Daily Reflection
December 26th, 2000
by
Ray Bucko, S.J.
Department of Sociology and Anthropology
Click here for a photo of and information on this writer.


St. Stephen, the First Martyr
Acts 6:8-10; 7:54-59
Psalms 31:3-4, 6-8, 17, 21
Matthew 10:17-22

I remember the very day when the American hostages who were held for months and months in Iran were released from their captivity in the American Embassy.  I can’t remember the date but I do remember I was in the kitchen of Shalom House, the community to which I was assigned for my first year of theology in Berkeley, California.  One of the other Jesuits was cooking dinner and had brought a television into the kitchen to watch as he cooked. I saw the captives being freed and remember I was quite happy and suddenly plunged into deep grief.  I left the room and cried in the living room alone (hey, I’m a guy in America).  My grief was not about the release of the hostages for that was indeed joyful  but for an event that happened some months before, the death of my mother.

I suspect that at Christmas time many people slip away from the rejoicing crowd to cry by themselves, recalling in the height of joyfulness some deep sorrows.   I confess that each year I do this at least once sometime during the day.  For some, yesterday (Christmas), that day of great rejoicing, can be the darkest day of the year.
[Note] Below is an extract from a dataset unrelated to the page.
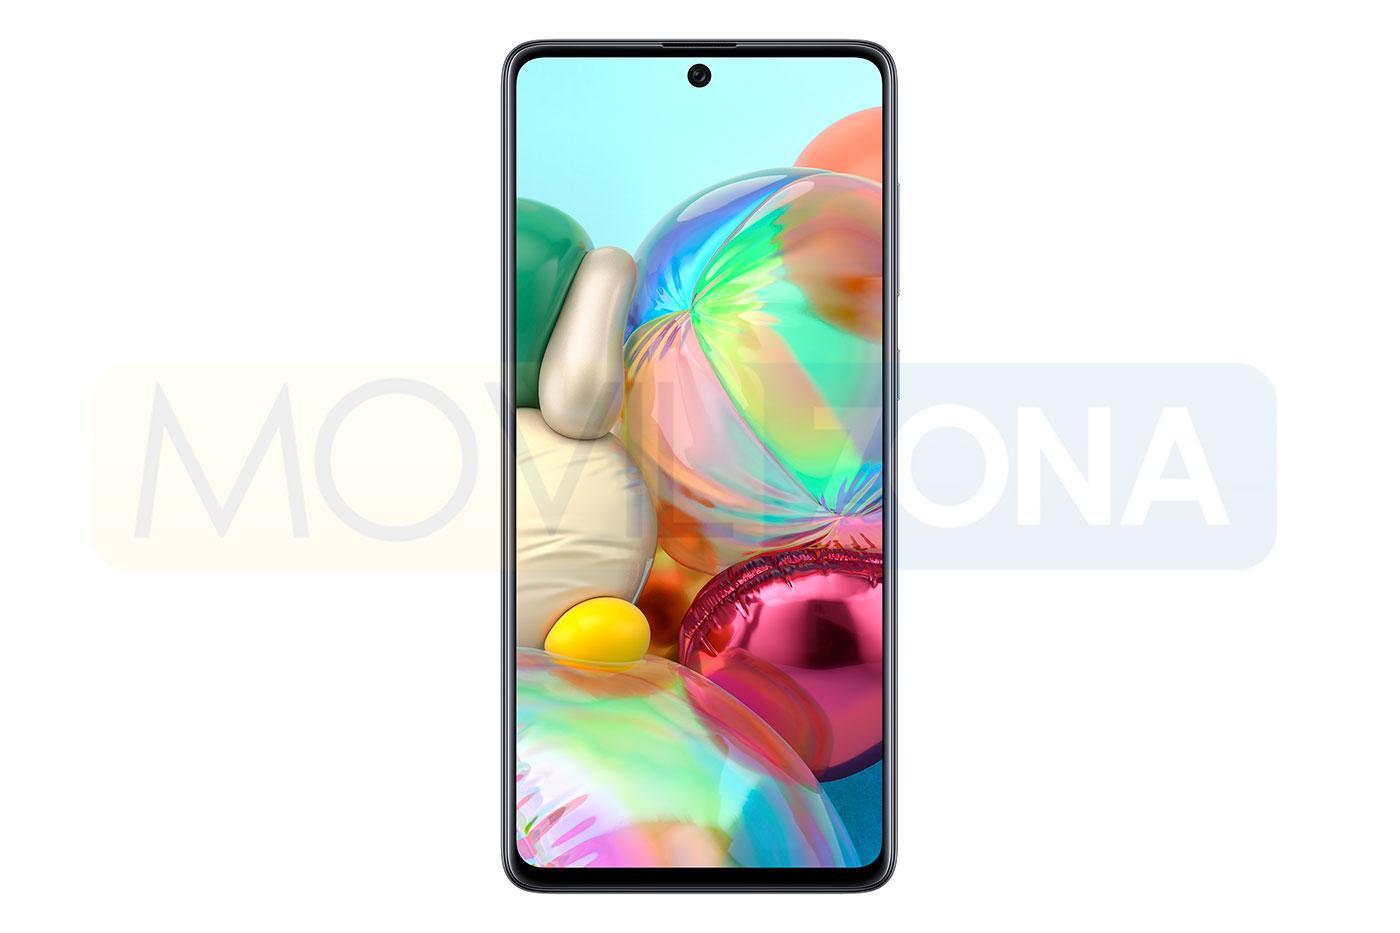 Samsung Galaxy A71 frontal

In the next few days we as Church slip out of the rejoicing to weep individually and collectively for our martyrs, those innocents who have died for the faith.  True, we rejoice with the heavenly martyrs for their triumph over death and evil and yet at the same time we weep at their loss,  the tragedy of violence, and the pain of separation.

Today, the day after Christmas, we honor Stephen, the first martyr for the faith.  In two days we will weep with the women of Israel at the slaughter of the Holy Innocents.  In these sorrows we will also remember many contemporary innocents who have been martyred for the faith, for their belief, for their unwillingness to compromise what is truest and deepest in them and in us.
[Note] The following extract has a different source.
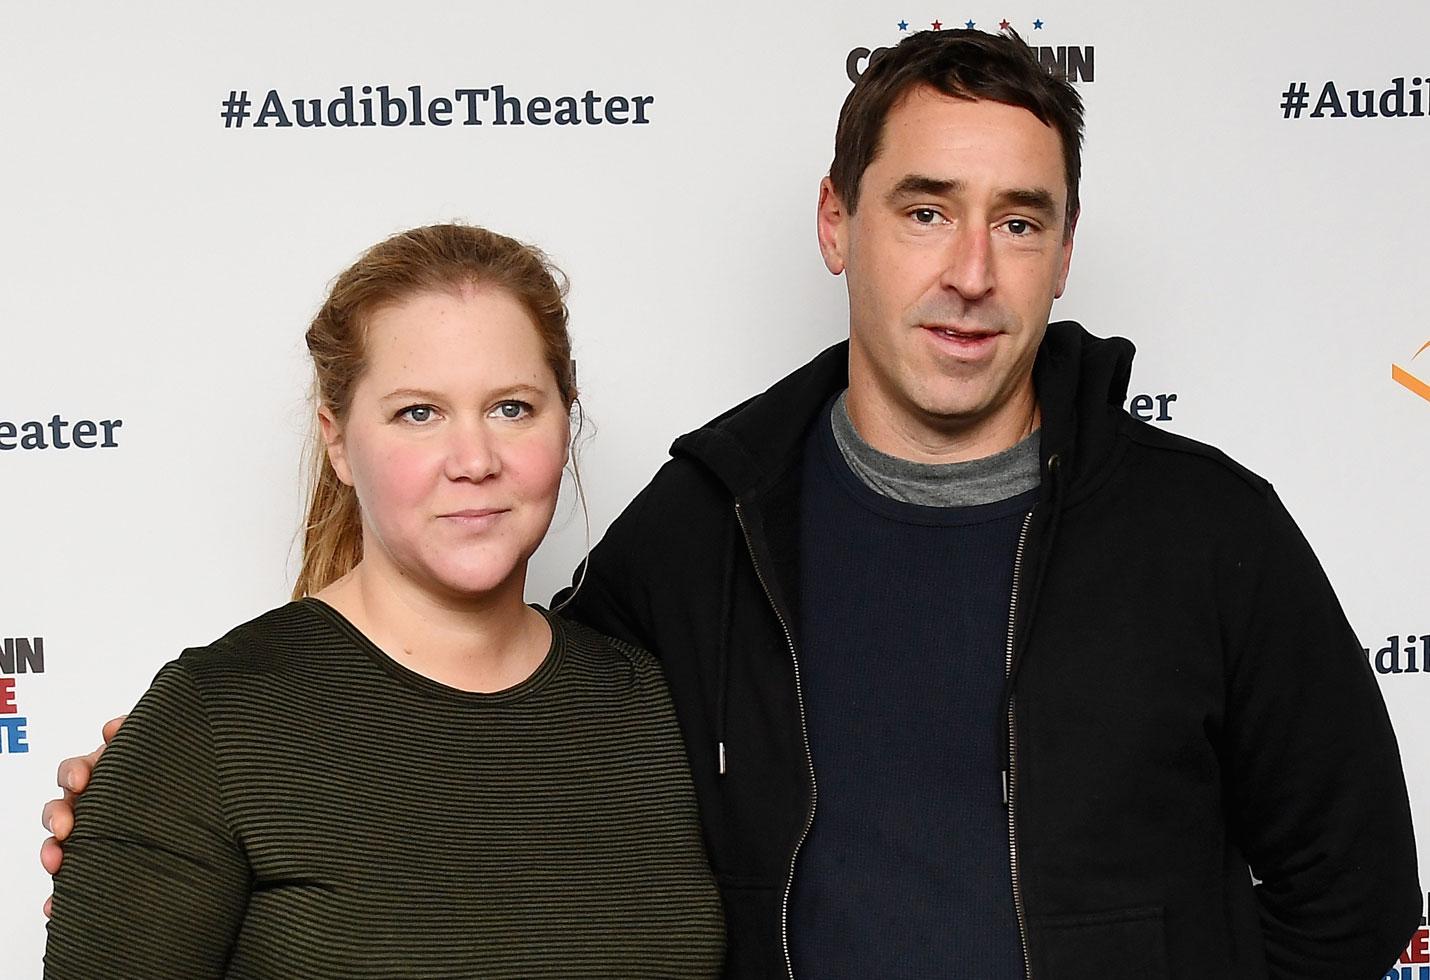 Amy schumer husband chris fischer autism spectrum disorder

Amidst the grief and sorrow there IS comfort and  consolation. While Jesus reminds us of the coming persecutions that will face all who follow Him, He leaves us with a final word of comfort: “….whoever holds out till the end will escape death.”  Not physical death—clearly the martyrs embraced death. But in embracing physical death they paradoxically embraced eternal life and have given US life through their grace and their examples.  So too, when Luke records the history of Stephen and his death in the Book of Acts, he reminds us that at the end Stephen prayed the words of hope and consolation: “Lord Jesus, receive my spirit.”

At this Christmas season our material consumer orientated world encourages us to give more and more expensive gifts.  The martyrs give the greatest of gifts, their very selves.  We are asked to do the same, perhaps not physically in death, but indeed (and sometimes more difficulty) daily in dying to ourselves and living for Christ and for others.
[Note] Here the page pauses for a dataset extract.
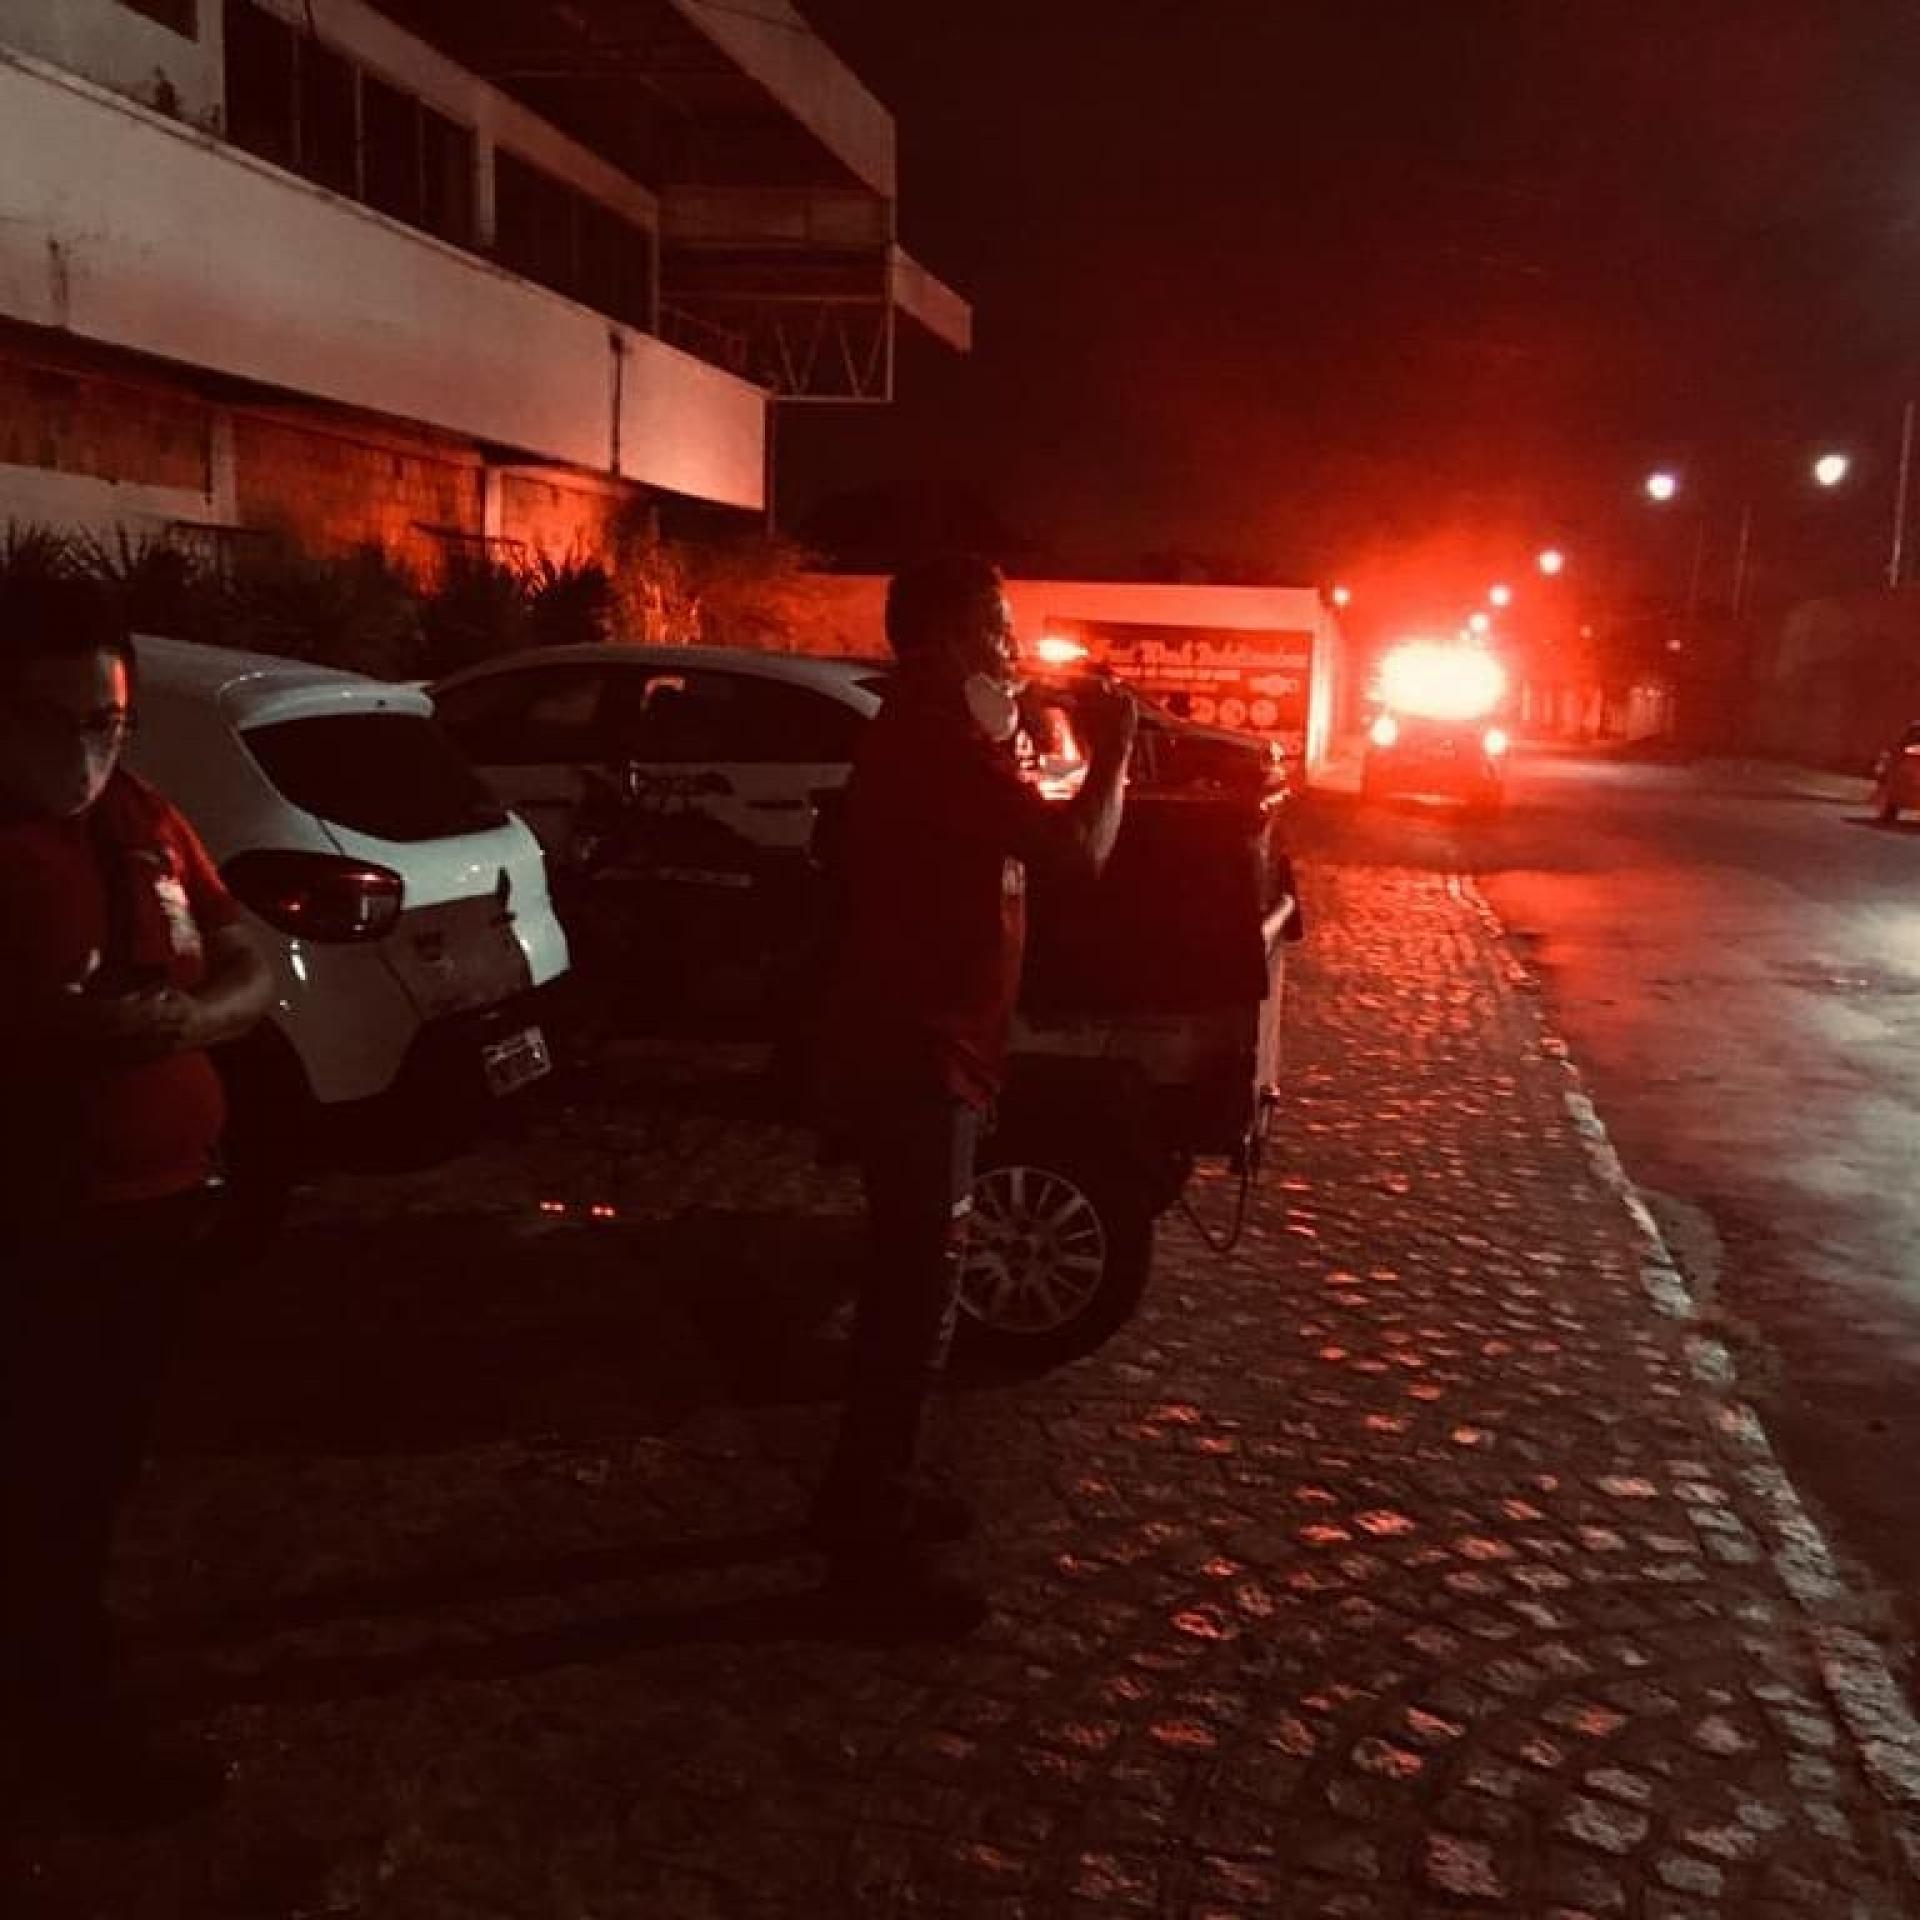 Direção do Sintro registra presença de três viaturas na garagem da empresa de ônibus Santa Maria para garantir saída dos veículos nesta madrugada

I cried for my mother the day the hostages were freed.  This is a woman who once for HER Christmas present brought me to a shopping mall and asked me to promise to give her the gift she wanted when she showed it to me.  I promised and was whisked into the men’s department of a store where she promptly showed me a winter jacket I was to accept from her for HER present (I was a Jansenist Jesuit Novice of the Strictest Observance at the time and had warned her I was to accept no Christmas presents from her or the rest of the family in my misguided zeal for “poverty”—I have since been cured, thank God).

In rejoicing sorrow may come upon us.  In sorrow, may rejoicing always find us.  This is the message of the Holy Martyrs, one of whose feasts we celebrate this very day after Christmas.